Simulating blood flow through healthy and diseased arteries using high-performance computing generates vast, voxel-based datasets—essentially 3D grids of pressure and flow metrics resembling a “Minecraft-like” model of the body. However, this data is difficult to visualize dynamically, especially on resource-constrained devices like standalone VR/AR headsets.
The challenge was to transform these complex, high-resolution simulations into intuitive, animated visuals that could be experienced in real time.
The team developed an automated workflow to convert voxel-based simulation data into efficient, animated 3D visualizations viewable in extended reality environments.
Using ParaView, we exported blood flow simulations frame-by-frame into PLY model formats with color-coded flow and pressure data. We then used Houdini software to create 2D textures for each frame. By flipping through the 2D textures, the system animates blood flow changes, enabling smooth, resource-efficient animations on devices such as the Apple Vision Pro and Meta Quest.

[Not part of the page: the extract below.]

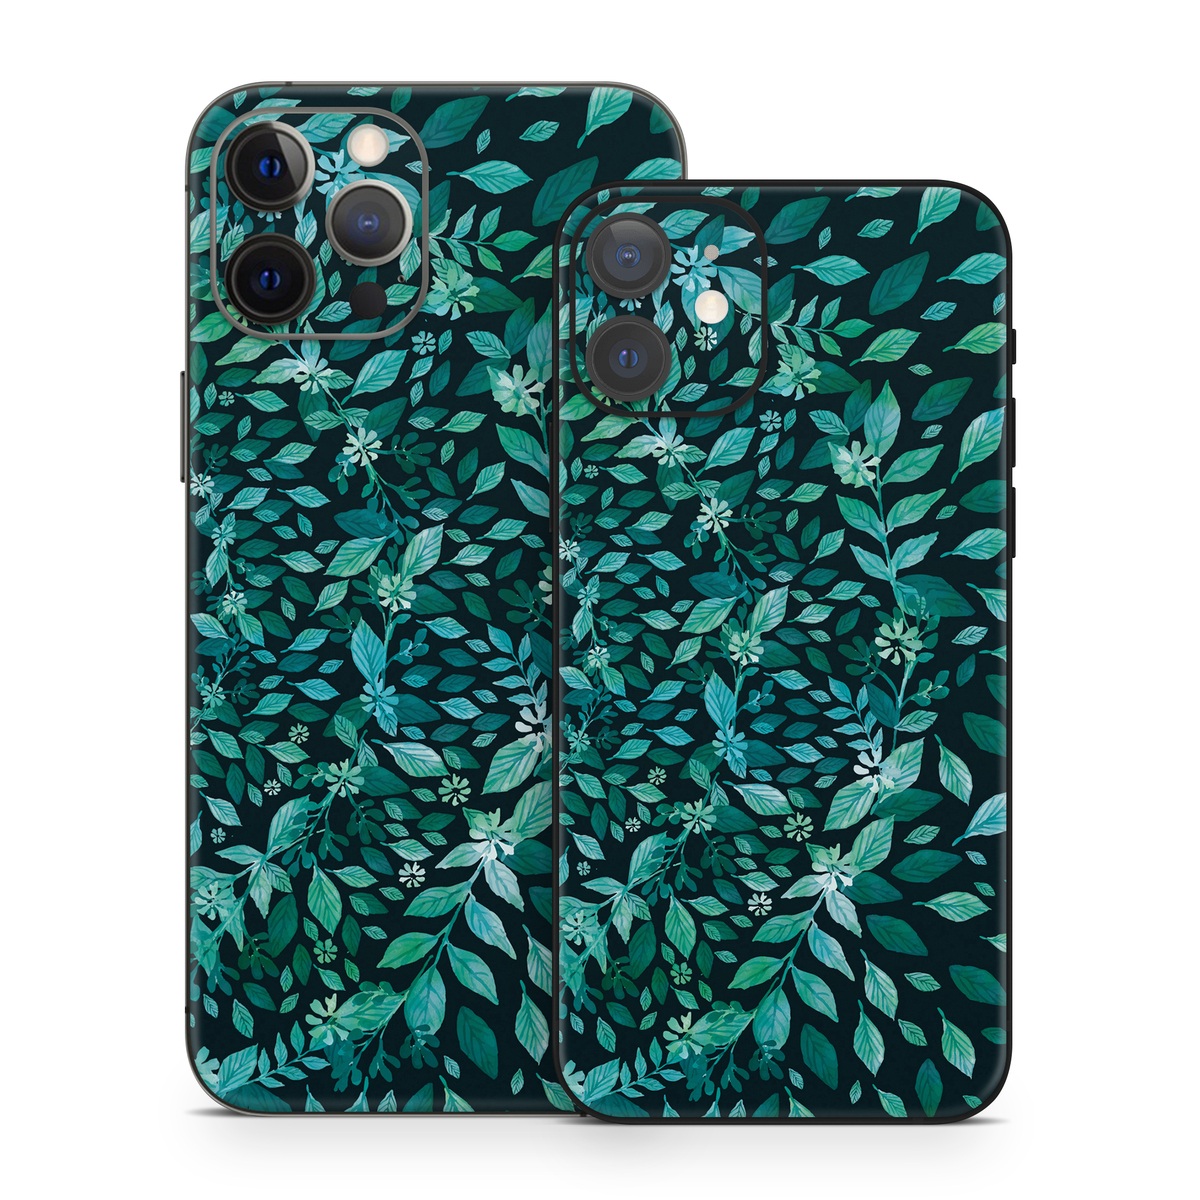 iPhone 12 Series Skin design of Green, Aqua, Organism, Turquoise, Natural environment, Teal, Marine biology, Water, Leaf, Plant, with black, green, white colors

These tools allow us to build maps of these metrics that are associated with the localization and progression of heart disease. The simulations allow clinicians and researchers to interact with the information in a VR/AR environment and extract meaningful metrics about blood flow, such as velocity, pressure, and locations of disturbed flow.
We’ve also demonstrated their use for diagnosing and treating cerebral aneurysms, aortic coarctation, and peripheral arterial disease, to name a few.
This work is currently on display in the lobby of the Karsch Alumni Center at Duke.